I was a little too scattered when I was younger, but I'm better now. I can appreciate the NiFe approach to things. It isn't demanding, but it requires a little finesse that younger ENTPs are not always sensitive to. We need that tertiary Fe to be developed so we learn about not saying the first thing that pops into our heads and learning how to smooth over ruffled feathers. Once we learn to do that, we're really good for one another, I think. I just love trying to see things from perspectives other than my own and I want to learn how people like to be treated, so I put a lot of effort into that. Deep meaningful discussions don't happen without being aware of the needs of others, and despite the "E" in ENTP, we also need alone time, so that's not a huge issue for us. I think of all the extroverted types, ENTPs are probably the best at not judging others and giving them space when they need it. We do get distracted easily though.


----------



## Antiparticle (Jan 8, 2013)

Scoobyscoob said:


> Probably for the best to not work with someone who seems to hold you in contempt. lol Also, lets please stop this conversation about your former boss here.

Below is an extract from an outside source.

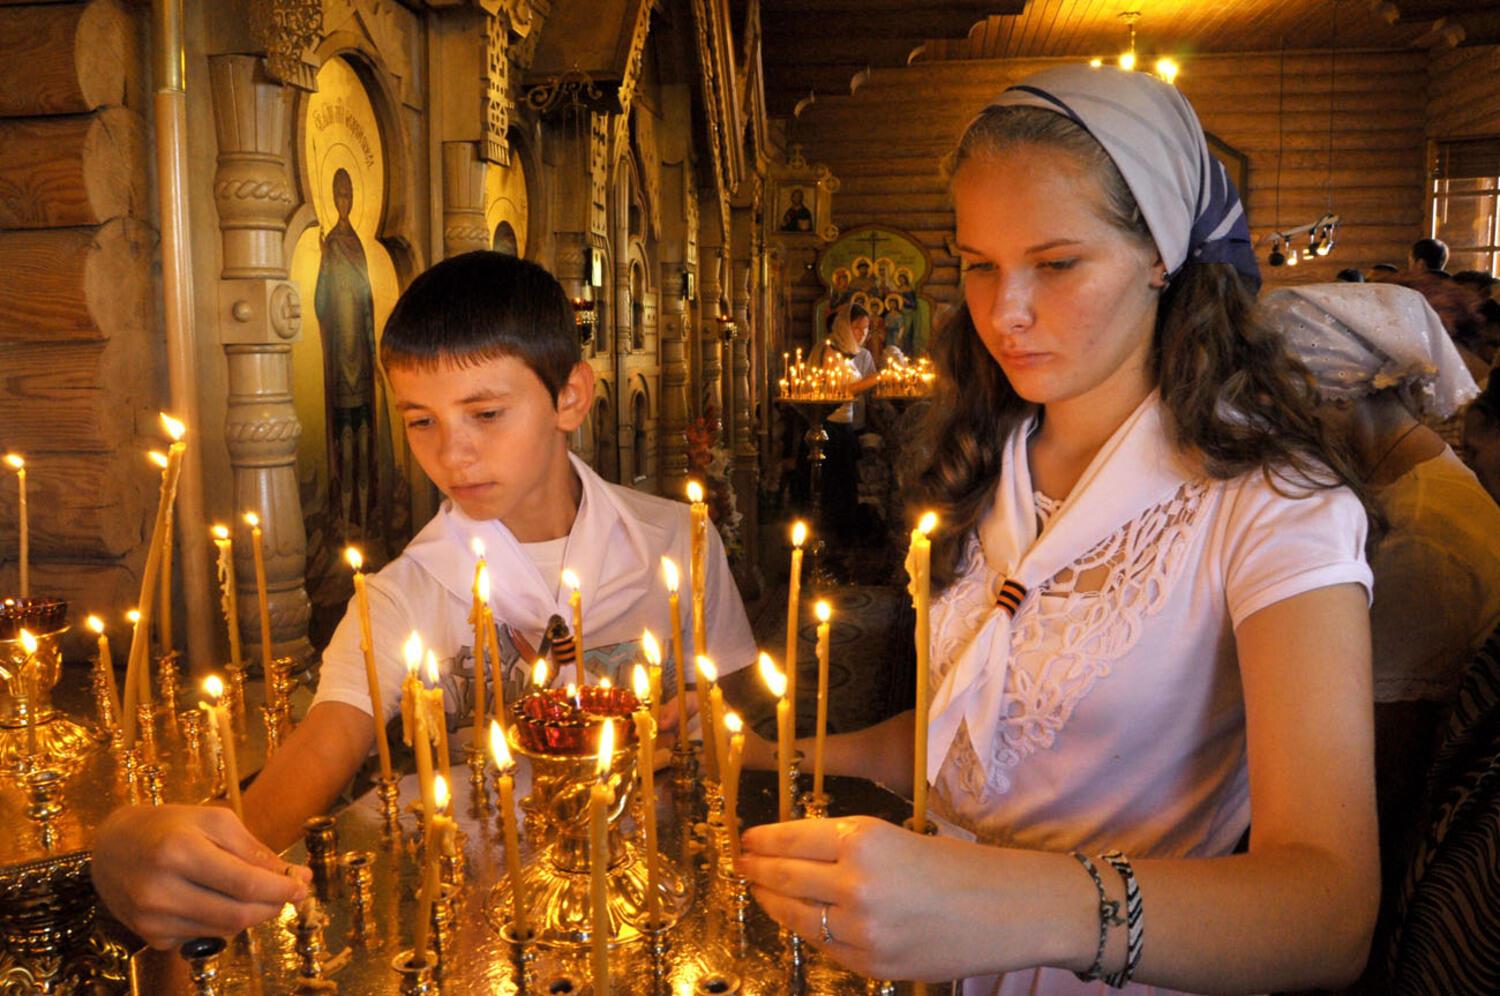 Кому молятся православные

Yes, I also think it's best.


----------



## Scoobyscoob (Sep 4, 2016)

Antiparticle said:


> Yes, I also think it's best.


. 😉


----------



## Antiparticle (Jan 8, 2013)

Scoobyscoob said:


> It probably was for the best anyway, considering how much you seem to dislike the guy.


Btw I am surprised that no-one is mentioning it, especially among entjs, although this isn’t necessarily type related - maybe he likes me personally/ not professionally? As I understand your type has problems with separating this two aspects in life, so it could explain why it is so difficult to work with him (whereas many others think I am great 😛).


----------



## Antiparticle (Jan 8, 2013)

tanstaafl28 said:


> I was a little too scattered when I was younger, but I'm better now. I can appreciate the NiFe approach to things. It isn't demanding, but it requires a little finesse that younger ENTPs are not always sensitive to. We need that tertiary Fe to be developed so we learn about not saying the first thing that pops into our heads and learning how to smoothe over ruffled feathers. Once we learn to do that, we're really good for one another, I think. I just love trying to see things from perspectives other than my own and I want to learn how people like to be treated, so I put a lot of effort into that. Deep meaningful discussions don't happen without being aware of the needs of others, and despite the "E" in ENTP, we also need alone time, so that's not a huge issue for us. I think of all the extroverted types, ENTPs are probably the best at not judging others and giving them space when they need it. We do get distracted easily though.


I like all of these characteristics, one of my good friends is ENTP, always makes fun of me, and then leaves to do his own thing. We can discuss many of his “doomsday ideas”, like 2 partners in crime. This type is probably the closest to infj soulmates.


----------



## Scoobyscoob (Sep 4, 2016)

Antiparticle said:


> Btw I am surprised that no-one is mentioning it, especially among entjs, although this isn’t necessarily type related - maybe he likes me personally/ not professionally? As I understand your type has problems with separating this two aspects in life, so it could explain why it is so difficult to work with him (whereas many others think I am great 😛).


Sure that's possible, especially if the two of you are younger. If you want to ask more ENTJs, you'd be better off asking in the entj subforum instead of here though.


----------



## Antiparticle (Jan 8, 2013)

Scoobyscoob said:


> Sure that's possible, especially if the two of you are younger. If you want to ask more ENTJs, you'd be better off asking in the entj subforum instead of here though.


4 years difference. But the only real sign / indicator would be me not feeling being respected professionally, while I receive the personal support, about my career and plans etc., which is confusing.


----------



## Scoobyscoob (Sep 4, 2016)

Antiparticle said:


> 4 years difference. But the only real sign / indicator would be me not feeling being respected professionally, while I receive the personal support, about my career and plans etc., which is confusing.


Why don't you try asking him out then.


----------



## Antiparticle (Jan 8, 2013)

Scoobyscoob said:


> Why don't you try asking him out then.


So this actually means something? Personal advice and attention towards life goals etc.


----------



## Scoobyscoob (Sep 4, 2016)

Antiparticle said:


> So this actually means something? Personal advice and attention towards life goals etc.


I would think so yes. I can't imagine that someone would be trying to help you out personally if he didn't.


----------